*Action item*.
The whole listing below needs to be duplicated exactly, pictures aside.

*Dataset section*.
----------------

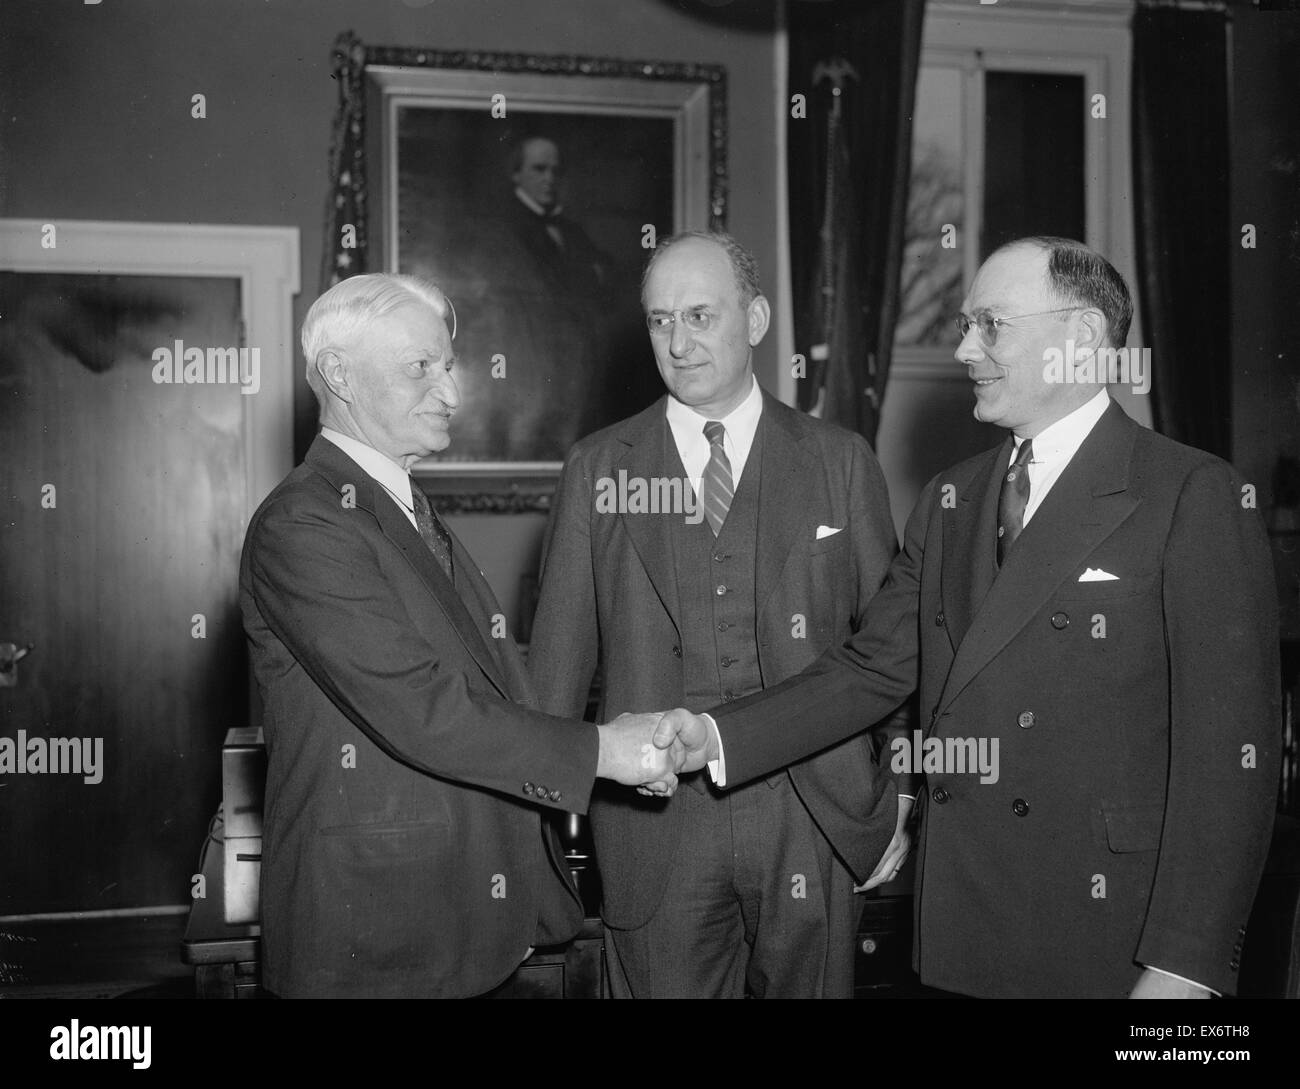 William H. Moran, ritiro il capo dei servizi segreti degli Stati Uniti, si congratula con il suo successore Frank J. Wilson, con sec del Tesoro Morgenthau 1936 Foto Stock
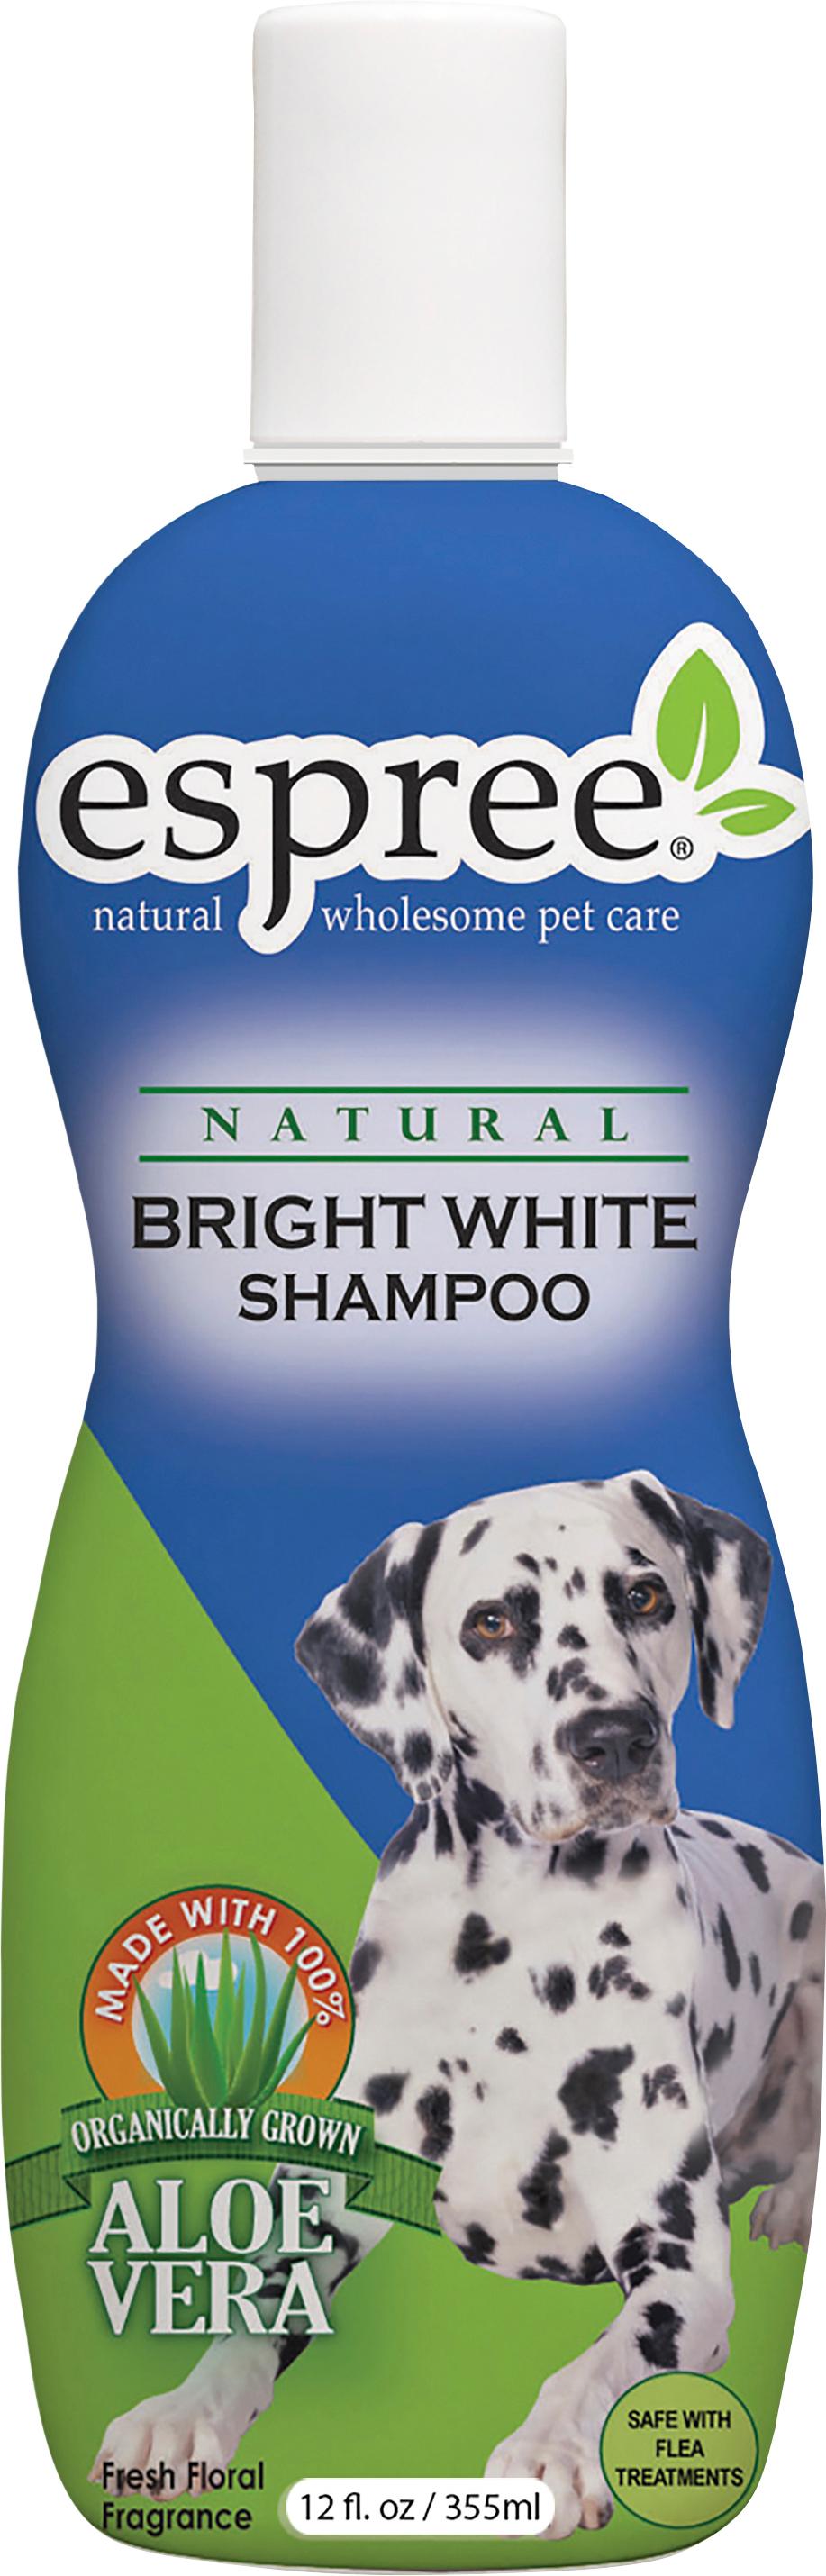 Husdjur - Hund - Hundskötsel - Hundschampo & Balsam
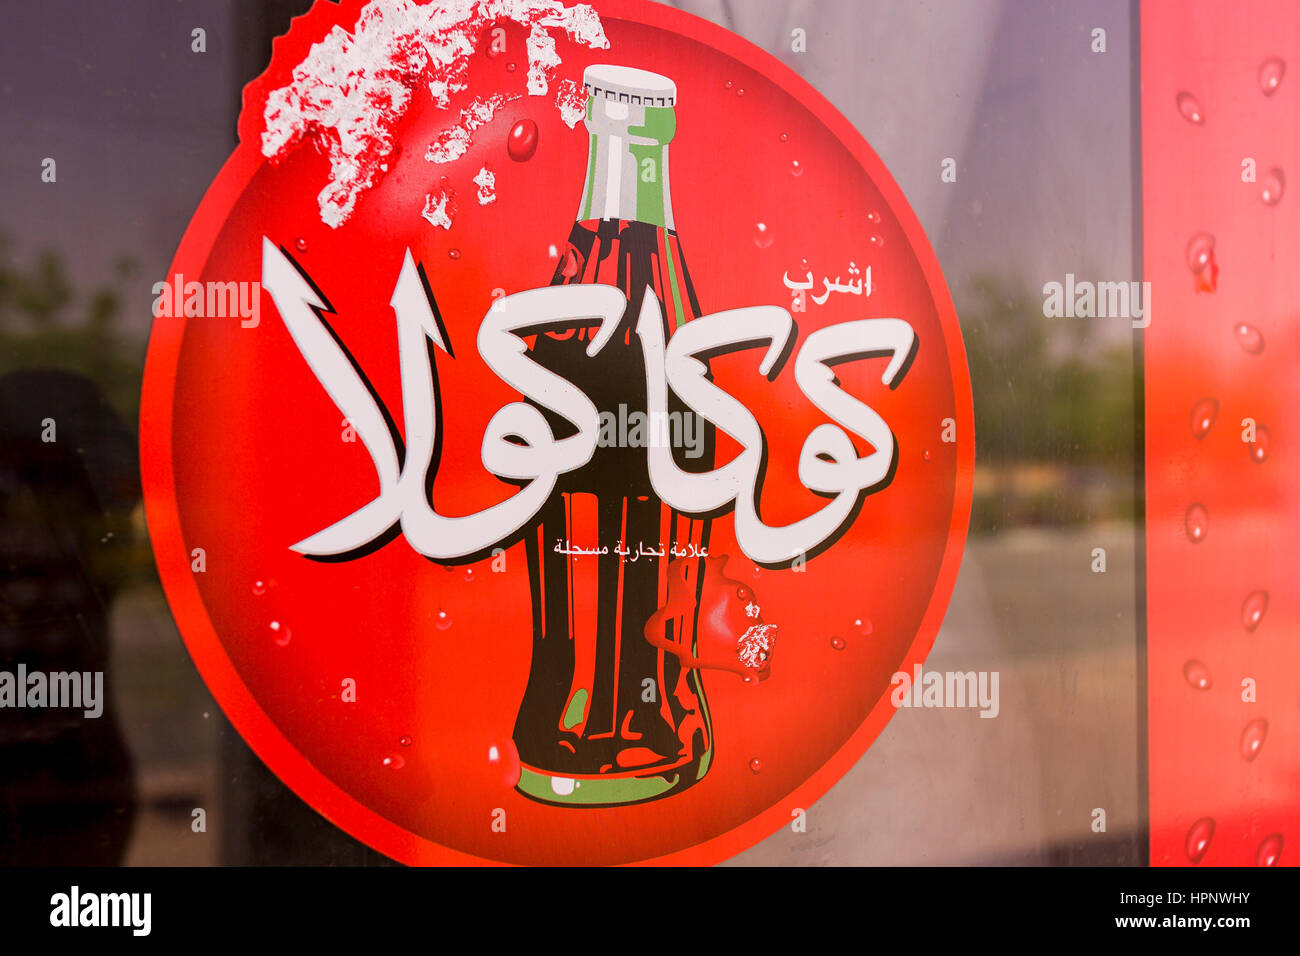 AL AIN, EMIRATI ARABI UNITI - Rosso Coca-cola sign in arabo, mostrando una bottiglia di coca cola. Foto Stock

----------------

*Answer section*.
 William H. Moran, ritiro il capo dei servizi segreti degli Stati Uniti, si congratula con il suo successore Frank J. Wilson, con sec del Tesoro Morgenthau 1936 Foto Stock
 Husdjur - Hund - Hundskötsel - Hundschampo & Balsam
 AL AIN, EMIRATI ARABI UNITI - Rosso Coca-cola sign in arabo, mostrando una bottiglia di coca cola. Foto Stock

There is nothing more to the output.